Summary of real datasets
| Anorexia nervosa (AN) | 7,713 | 35,274 | 1:5 | 0.8147 (0.0945) |
| Bipolar disorder (BD) | 8,436 | 48,609 | 1:6 | 0.7855 (0.0804) |
| Schizophrenia (SCZ) | 15,421 | 48,307 | 1:3 | 0.6175 (0.0677) |
| Autism spectrum disorder (ASD) | 39,068 | 10,610 | 4:1 | 0.6241 (0.0671) |
| Attention deficit hyperactivity disorder (ADHD) | 43,405 | 12,214 | 4:1 | 1.3137 (0.1216) |
| Major depressive disorder (MDD) | 49,234 | 646,483 | 1:13 | 0.8115 (0.0477) |
| Coronary artery disease (CAD) | 35,457 | 162,973 | 1:5 | 0.8644 (0.0672) |
| Breast cancer (BC) | 35,707 | 227,688 | 1:6 | 0.9378 (0.085) |
| Type 2 diabetes (T2D) | 57,086 | 88,825 | 1:2 | 0.9567 (0.0595) |
| Major depressive disorder (MDD) | 83,900 | 123,796 | 1:2 | 0.8156 (0.0632) |
| Body mass index (BMI) | 269,106 | 339,224 | 1:1 | 0.9536 (0.0347) |
| Height | 269,407 | 253,288 | 1:1 | 0.9389 (0.0417) |
Effective sample sizes of the six psychiatric disorders in iPSYCH 2015 and ANGI, four diseases and two continuous traits in the UK Biobank, along with the effective sample sizes of the corresponding external GWAS summary statistics. The table reflects sizes of European, unrelated samples (see material and methods).
Figure 1Prediction accuracy of the PRSs in the simulation study
Each panel displays the mean and 95% CI of the PRS prediction (y axis) for each data combining approach. The traits were simulated from a liability threshold model with 10,000 (10k) and 100,000 (100k) causal SNPs and heritability of 0.5, and case-control status was inferred from a disease prevalence of 0.2. Mean and 95% CI of prediction were obtained from 10k non-parametric bootstrap samples of 5 independent replicates.
(A) Effect of training sample size in the PRSs prediction accuracy.
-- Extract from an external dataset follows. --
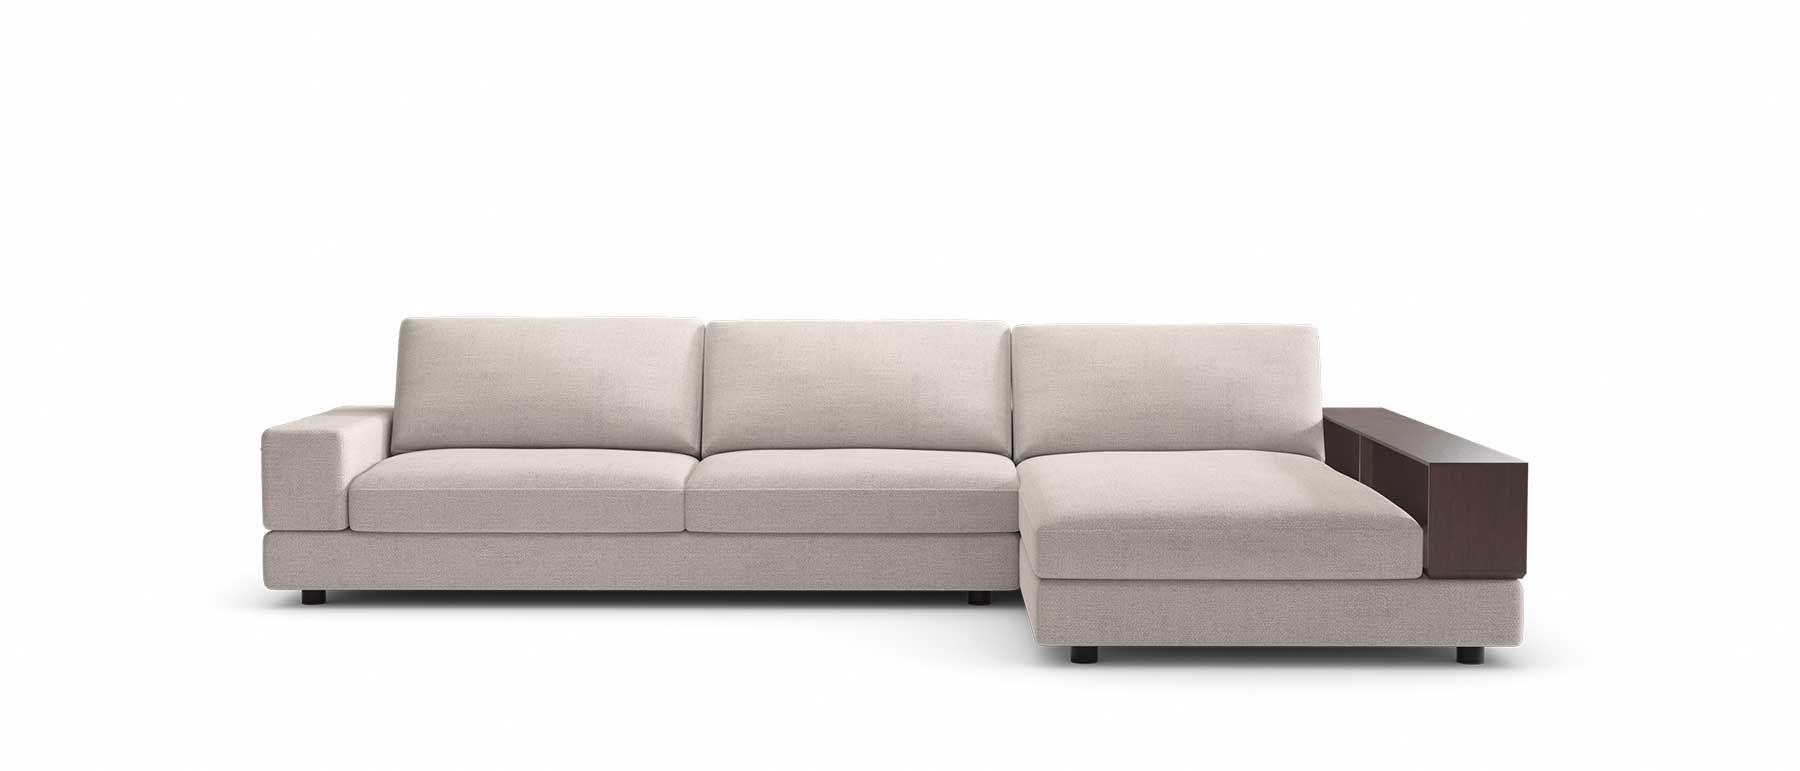 Jasper Modular Sofa Award Winning Design Modular Lounge Couch King Living Modular Sofa L Shaped Couch Couch

The x axis indicates the percentage of individuals from the total training set (n = 303,728) used as individual-level data for BOLT-LMM or GWAS summary statistics for C+T and LDpred.
(B) Effect of the ratio between internal and external data in the combining approaches. The x axis indicates the relative amount of external versus internal data, e.g., 3:1 indicates a scenario where the external data was 75% and the internal data was 25% of the total sample. Figure 1 is a simplified version of Figure S3, selecting a single method per combining approach between C+T and LDpred, where the method maximizing mean prediction was selected.
Figure 2Prediction accuracy of the combining approaches in 12 complex traits from iPSYCH 2015 and UK Biobank
Each panel displays the mean and 95% CI of the PRS prediction (y axis) for each data combining approach, of PRS trained on individual-level data (int), GWAS summary statistics (ext), or both (ext+int) (x axis). The prediction was transformed to the liability-scale using a population prevalence of 0.01 (ASD), 0.05 (ADHD), 0.15 (MDD UK Biobank), 0.05 (T2D), 0.01 (AN), 0.03 (CAD), 0.01 (SCZ), 0.07 (BC), 0.01 (BD), and 0.08 (MDD iPSYCH). The methods noted as int and ext were fitted using BOLT-LMM with individual-level data and LDpred or C+T with GWAS summary statistics, respectively. For simplification, only the ext PRS with larger mean prediction is shown, the full results are available in Figure S8. Mean and 95% CI of the prediction were obtained from 10k non-parametric bootstrap samples of the 5 cross-validation subsets.